AUGUST 2001
IV Pantoprazole (Protonix®)
Use Restricted to Approved Protocol
The Pharmacy and Therapeutics Committee has approved the addition of pantoprazole IV to the KUMC formulary with restrictions. A protocol has been developed to establish criteria for ordering, dosing, and use of pantoprazole IV (see form below). Use is restricted to the following types of patients: (1) Those with actively bleeding ulcers, ulcers with non-bleeding visible vessels, or clots that have underlying vessels (all must have been confirmed via endoscopy) and an inability to absorb oral medications. (2) Those with an active upper GI bleed and thrombocytopenia (platelets < 50,000/mm3) potentially related to treatment with an H2-antagonist and an inability to absorb oral medications. If the patient does not meet the specified criteria, either a Critical Care consult or a GI consult must be obtained prior to ordering pantoprazole IV. The recommended dose (per protocol) is an 80 mg bolus followed by a continuous infusion of 8 mg/hour for 72 hours1,2 (estimated cost for 72 hours is $330). Oral lansoprazole should be administered for the remainder of the treatment period (estimated cost per day is $0.25).
Pantoprazole IV is available as a freeze-dried powder. When reconstituted according to manufacturer guidelines, the final concentration is 0.4 mg/mL. The rate of administration must not exceed 3 mg/min (7 mL/min). The injection should be administered through a dedicated line, using the in-line filter provided. A filter must be used to remove any precipitates that may form when the reconstituted drug product is mixed with the IV solutions. If administration through a Y-site is desired, the filter must be positioned below the Y-site that is closest to the patient. The admixed solution may be stored at room temperature for up to 12 hours prior to intravenous infusion. It does not need to be protected from light.

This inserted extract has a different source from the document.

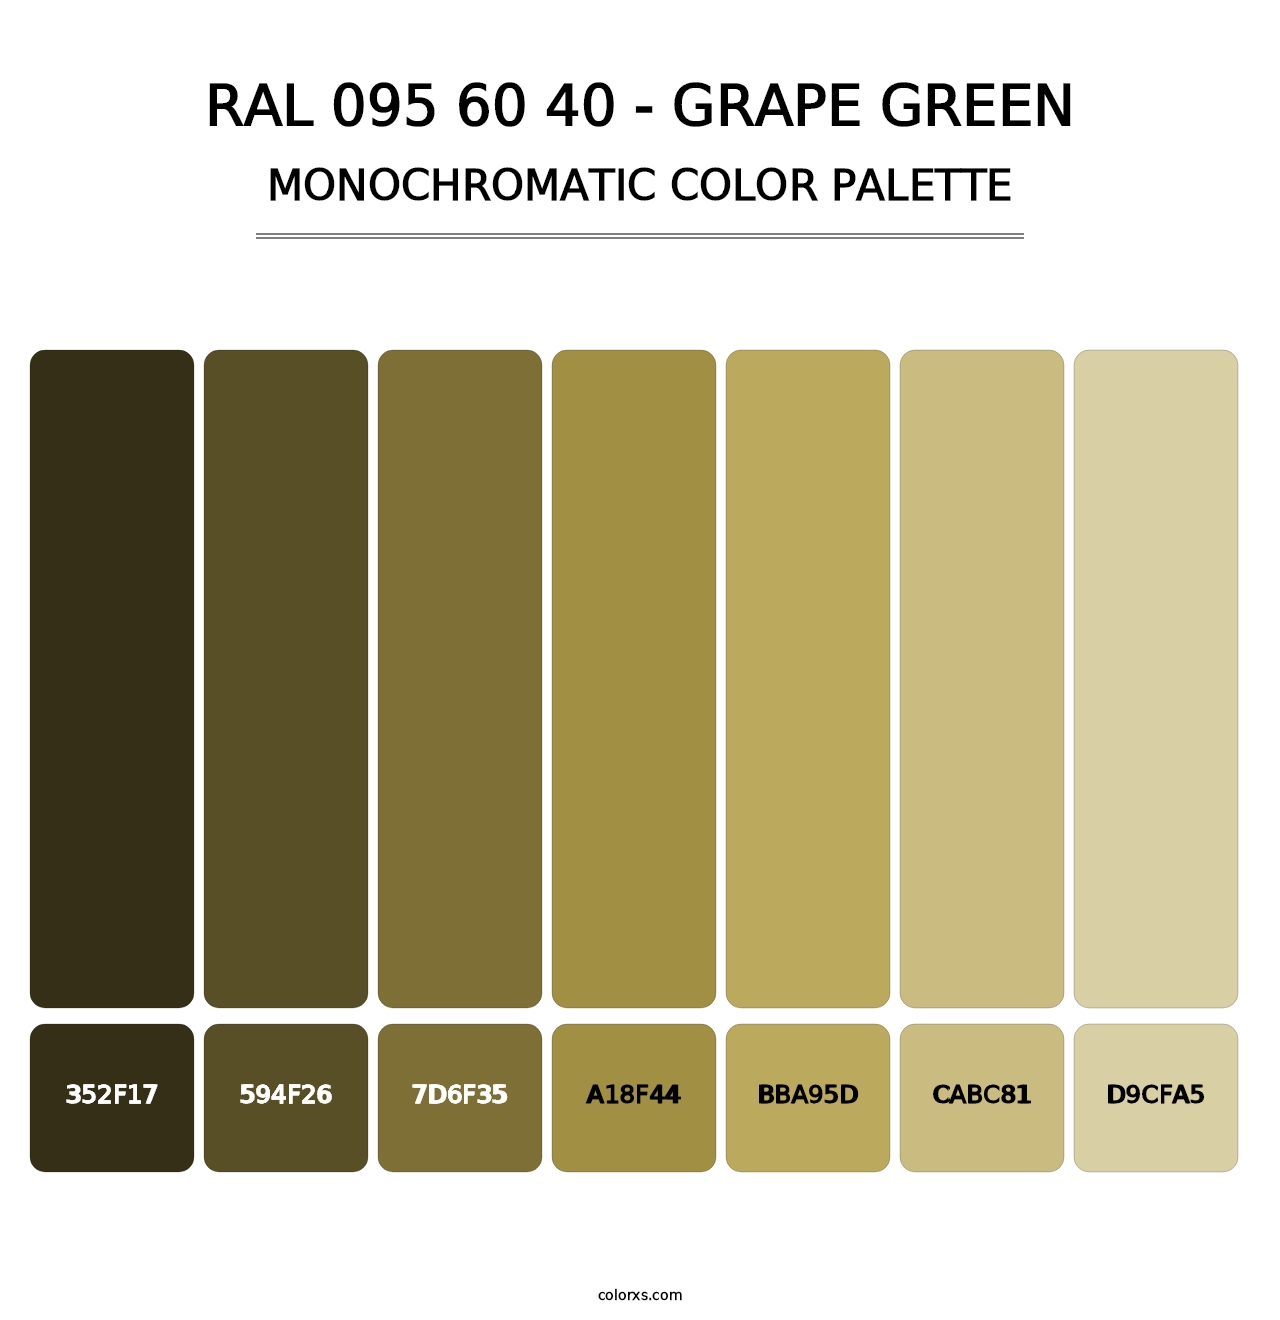 RAL 095 60 40 - Grape Green - Monochromatic Color Palette

No dosage adjustment is needed for patients with mild, moderate, or severe renal insufficiency, mild or moderate hepatic impairment, or in the elderly. Pantoprazole is not removed by hemodialysis. Pantoprazole kinetics have not been well studied in patients with severe hepatic impairment. Caution should be used when administering pantoprazole to these patients as dosage adjustment may be warranted.
Pantoprazole metabolism is independent of the route of administration (IV or oral), and is extensively metabolized by the cytochrome P450 system, mainly CYP2C19. Approximately 71% of the dose is renally eliminated with the rest being excreted in the feces. No significant drug interactions have been reported between pantoprazole and drugs metabolized by cytochrome P450 2C19, 3A4, 2D6, 2C9, and 1A2 (theophylline, diazepam, phenytoin, warfarin, metoprolol, nifedipine, carbamazepine, and oral contraceptives). Pantoprazole may interfere with absorption of drugs with require gastric acidity for absorption (ketoconazole, ampicillin, iron).